These days all languages support parallel execution.
E.g. Java had this since Java5 I remember.
(Of course behind the scenes, CPU power is distributed between different cores and different threads - which makes it in reality more / less “really” parallel - but this matters not for the user).
I do believe it can matter for the user to have, in n8n, a construct to simulate such parallellisme.
I believe this could be done with just 2 Nodes and 2 variables:
A splitting Node (from where parallel paths start), simultaneously
A Merging Node (where parallel paths come together)
A boolean variable added to Nodes in a parallel path to signal whether or not to execute this Node in atomic way (although I would advocate to default this to “Yes”; to avoid a Node execution is broken up).
A (boolean) Variable at the Merge Node signaling whether to wait for all paths to come together before proceeding or not (i.e. is a simultaneous exit required?
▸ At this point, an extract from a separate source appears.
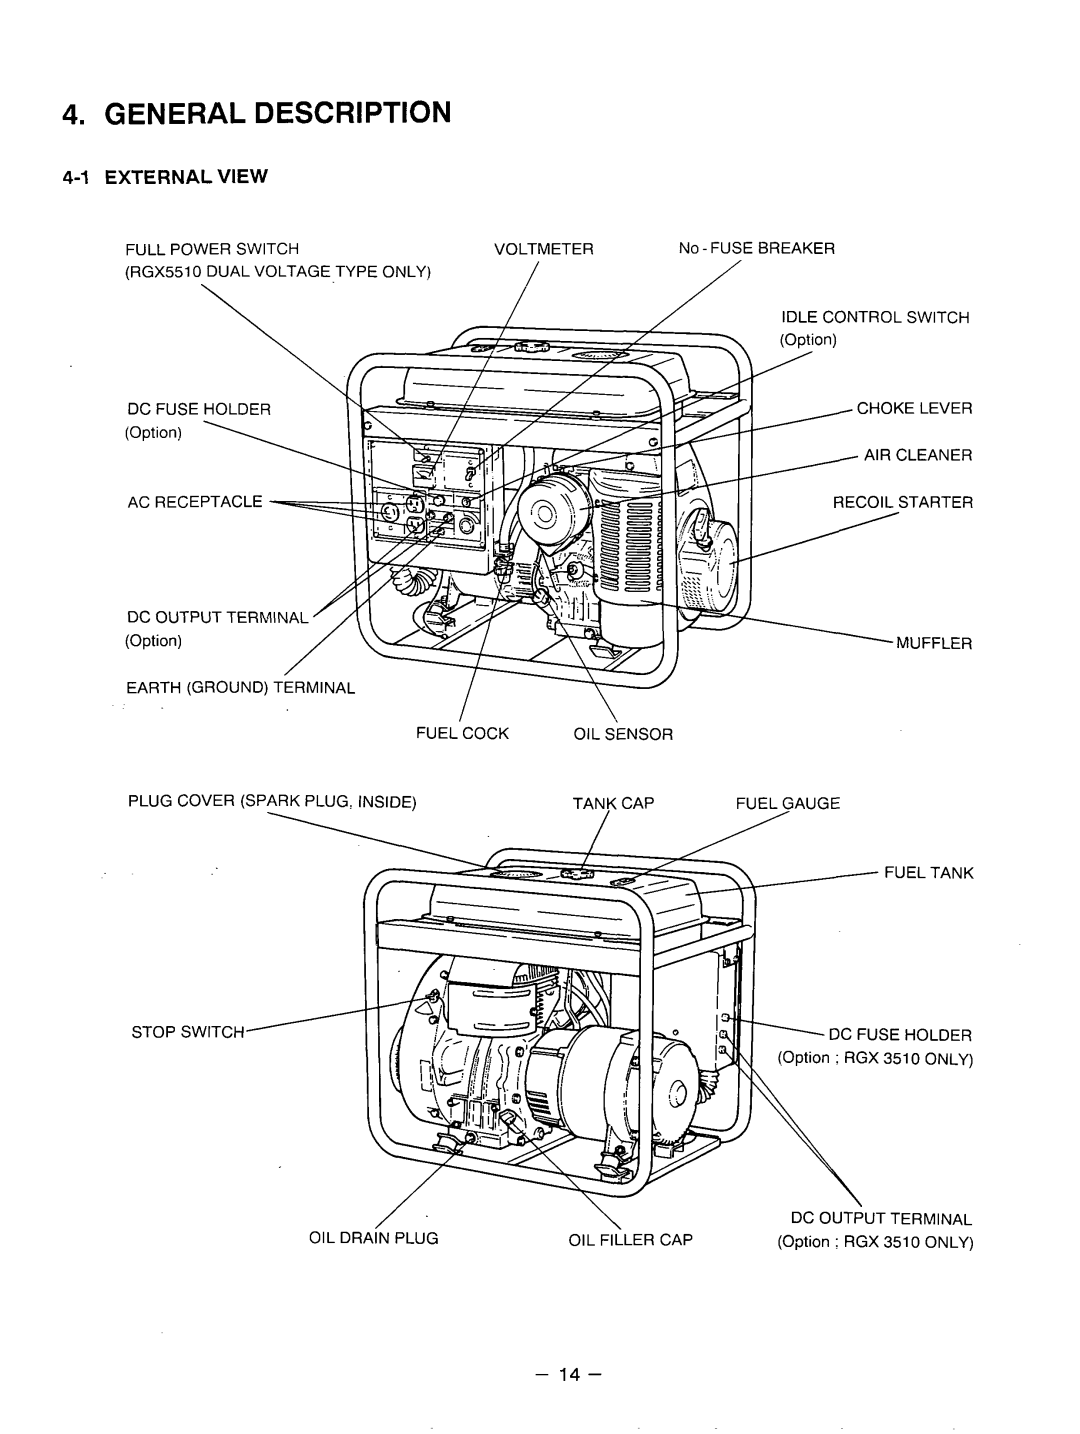 Subaru Robin Power Products RGX3510 manual General Description, External View

Sometimes all results need to come in before proceeding, not just partial results).
What I’m not clear about yet is what to do @error (e.g. 1 Node keeps its Thread in wait state, blocking the entire setup → Ignore or throw error/…? Maybe this (and a timeout) could also be set in the Merge/Split Node.
This only works if you aren’t dependent on the executions that need to happen in parallel.
Example:
You listen to sensor data, and when it comes in, you need to perform multiple computationally intensive analyses and then combine them into a report.
In my case, I perform video processing on different outputs, and then after the processes have finished, I must perform checks on all of them. Only if they succeed should the process continue and start moving the files to a different server. If one of the checks fails, everything must be halted, and manual intervention is required.
Executing in parallel will reduce the processing time from ~7.5 hours to ~6 hours. That is a massive gain.
I understand that there are workarounds for this, but I moved to n8n from my old scripts/services to make the automations easier to understand, and all those solutions just make it a mess.